1.3 Advantages of Distributed Task Scheduling

On the basis of distributed service architecture, since the number of independent services may be large, if timing tasks are implemented in this service alone, it is likely to be difficult to manage, and business restart due to changes in timing tasks cannot be avoided. Therefore, an independent distributed task scheduling system is very necessary and can be used to manage all scheduled tasks as a whole. At the same time, if the task configuration is separated as a function of the distributed task scheduling system, the change of the scheduled task will not affect any business or the whole system:

  • Management is carried out through the way of separating scheduling and tasks, thus greatly reducing the development and maintenance costs;
  • Distributed deployment ensures high availability, scalability, load balancing and fault tolerance of the system.
  • Timing tasks can be deployed and managed through the console, which is convenient, flexible and efficient.
  • Tasks can be persisted to the database, avoiding hidden dangers caused by downtime and data loss. At the same time, there are perfect task failure redo mechanisms and detailed task tracking and alarm strategies.
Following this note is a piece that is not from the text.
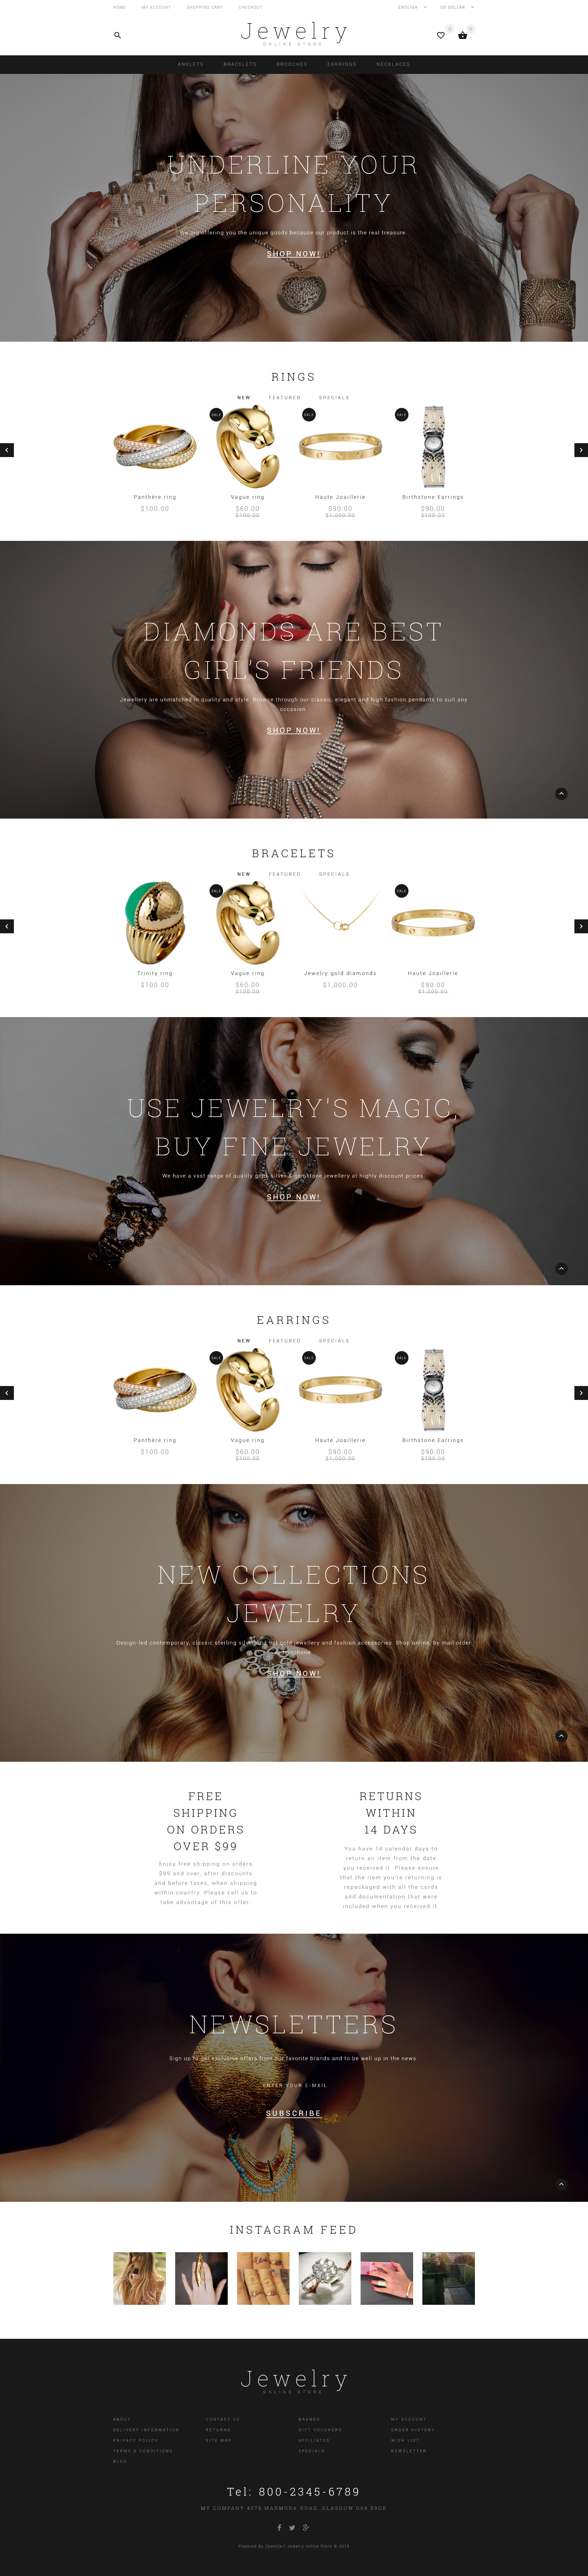 Jewelry Showcase OpenCart Template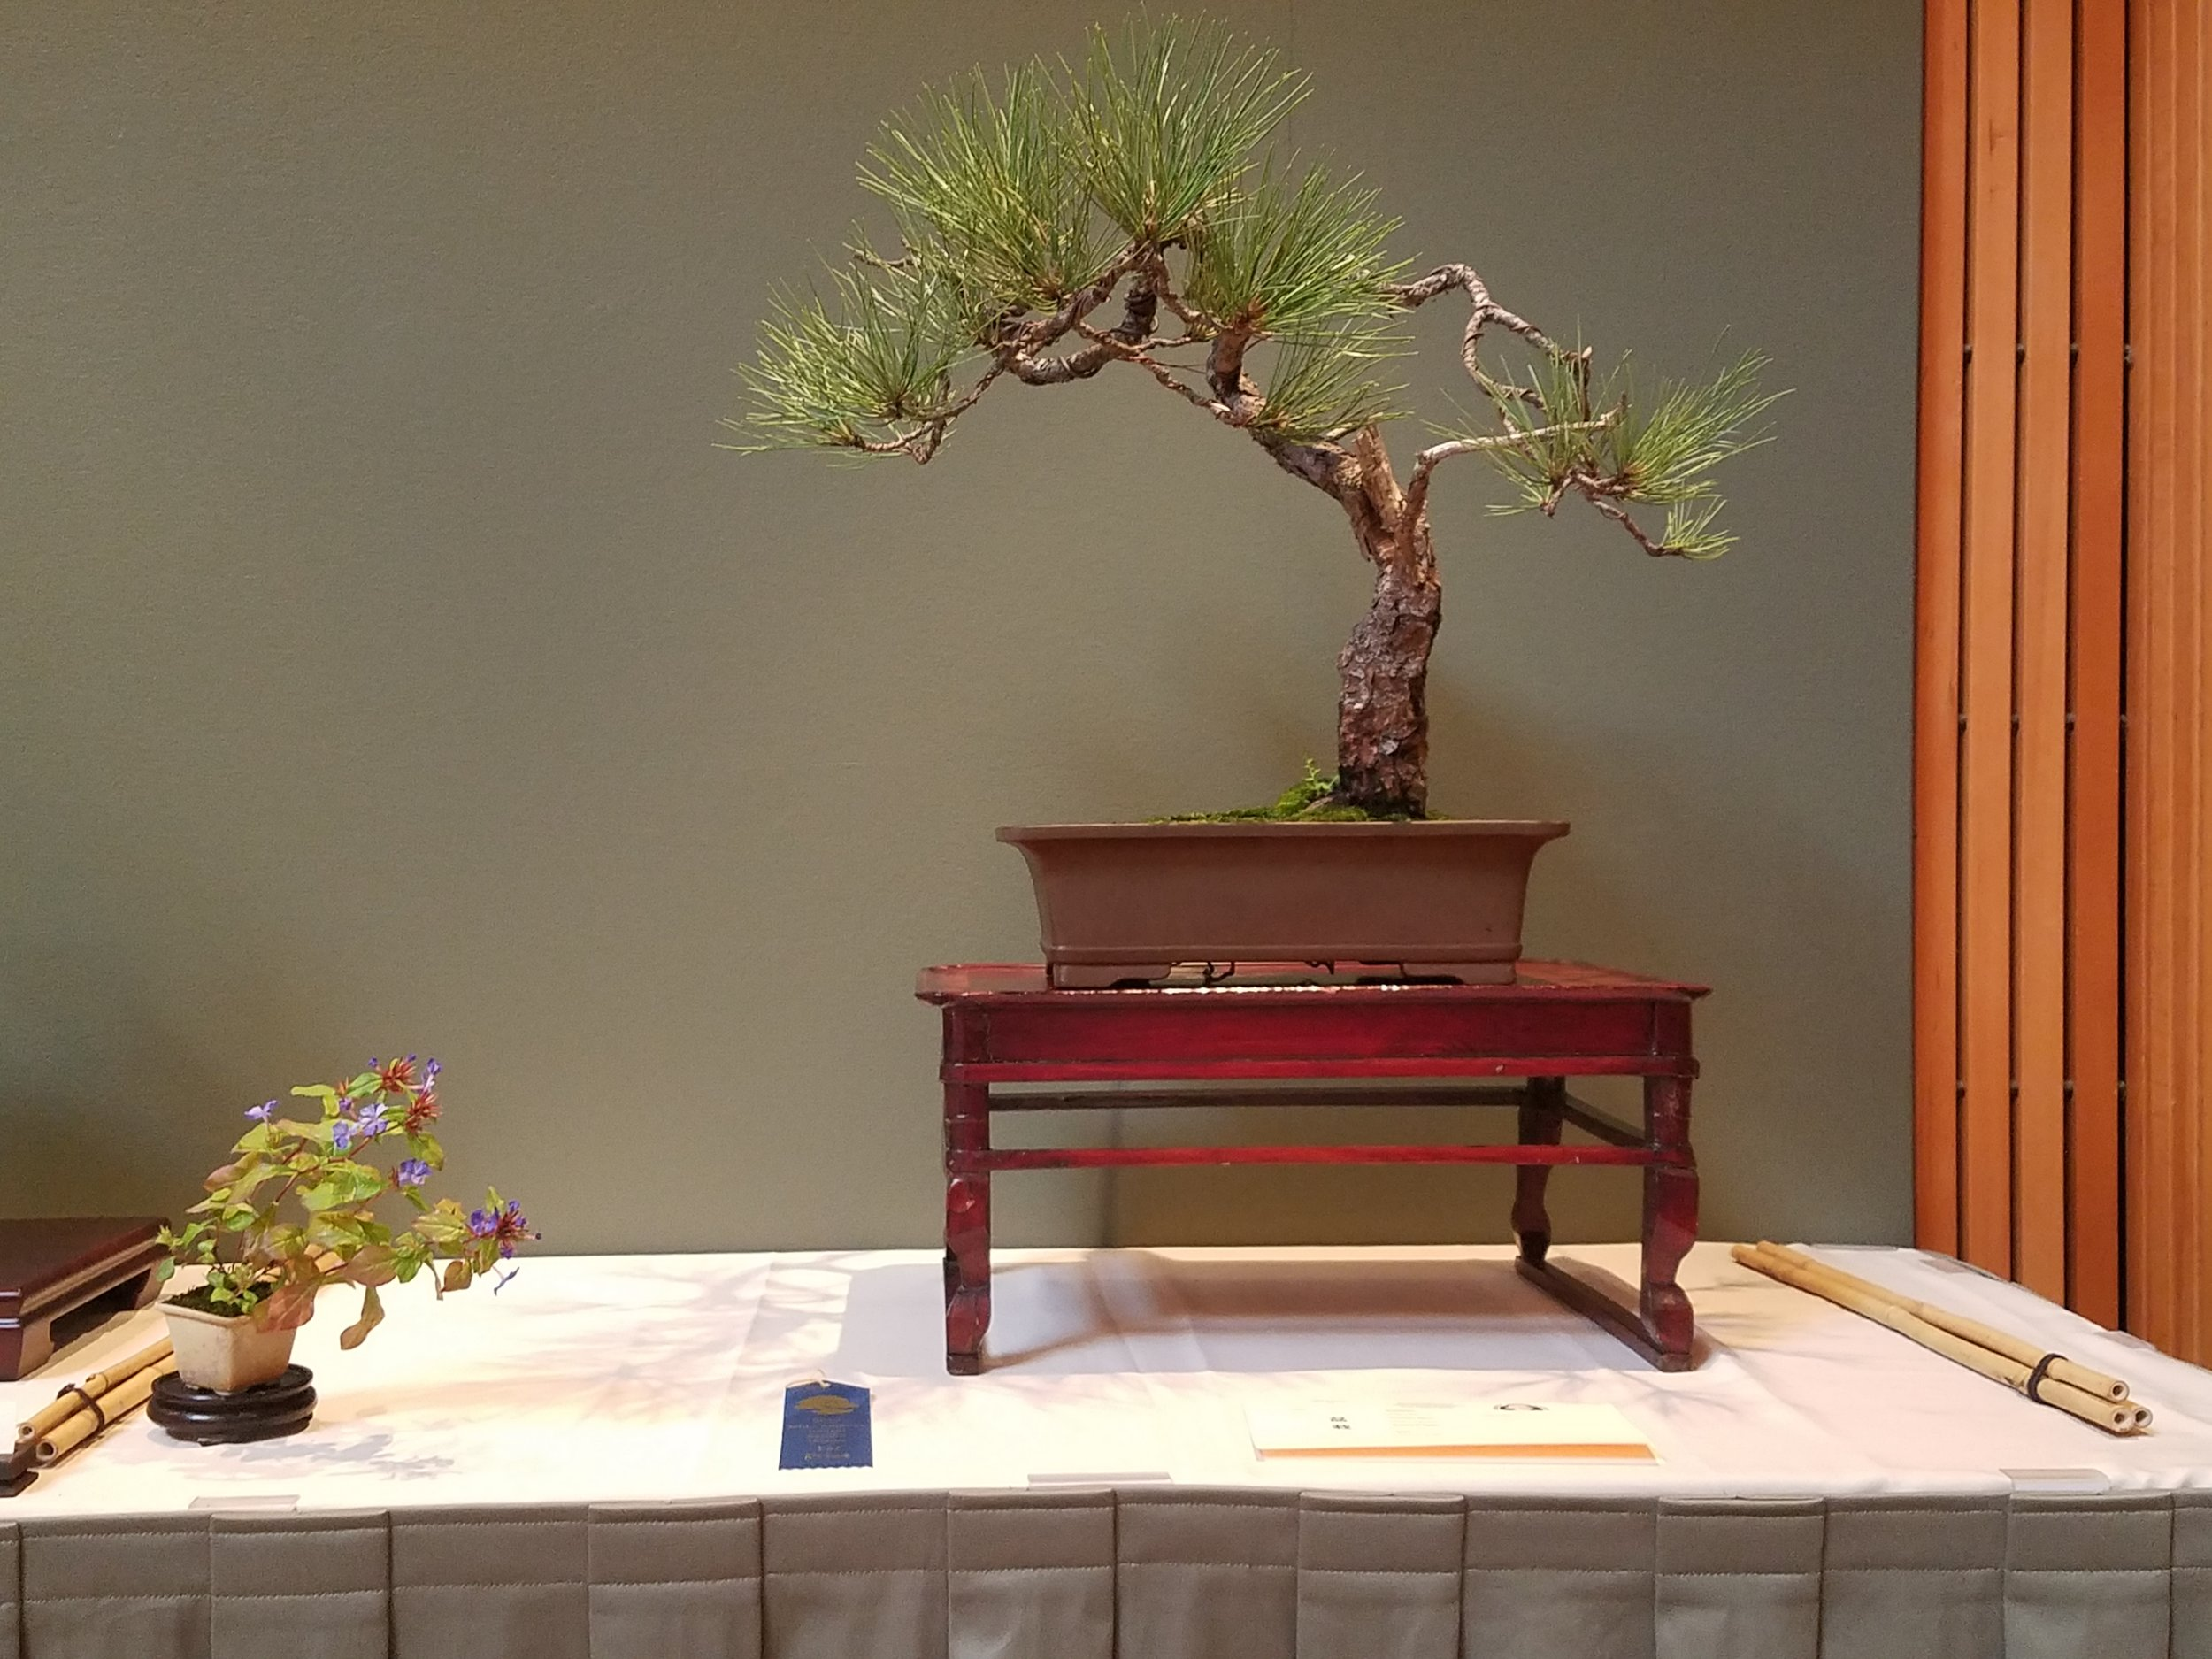 2017 Mid-America Bonsai Exhibition - Ponderosa Pine - Informal Upright

II. Selection of Distributed Task Scheduling Technology

2.1 Distributed Task Scheduling Considerations

sia-task-设计图

  • Task Scheduling: There is a process sequence for scheduled tasks among multiple services.
  • Task sharding: For a large task, shards need to be executed in parallel.
  • Cross-platform: Apart from projects using Java technology stack (SpringBoot, Spring, etc.), there are also applications using other languages.
  • Non-intrusion: The service does not want to be highly coupled with scheduling, but only focuses on the execution logic of the service.
  • Failover: There are compensation measures to reduce manual intervention for problems encountered during task execution.
  • High availability: The scheduling system itself must ensure high availability.
  • Real-time monitoring: real-time acquisition of task execution status.
  • Visualization: Operation of task scheduling provides visual pages for easy use.
  • Dynamic editing: the task clock parameters of the business may change, and you do not want to stop the deployment.

2.2 Comparison between SIA-TASK and Other Distributed Task Scheduling Technologies

SIA is the abbreviation of Simple is Awesome, the basic development platform of Yixin Company. SIA-TASK (Microservice Task Scheduling Platform) is one of the important products. SIA-TASK conforms to the current microservice architecture mode and has the characteristics of cross-platform, orchestration, high availability, non-intrusion, consistency, asynchronous parallel, dynamic expansion, real-time monitoring, etc.

Open source address:https://github.com/siaorg/sia-task

We first compare the mainstream open source distributed task scheduling framework in the market, analyze its advantages and disadvantages, and then introduce our technology selection.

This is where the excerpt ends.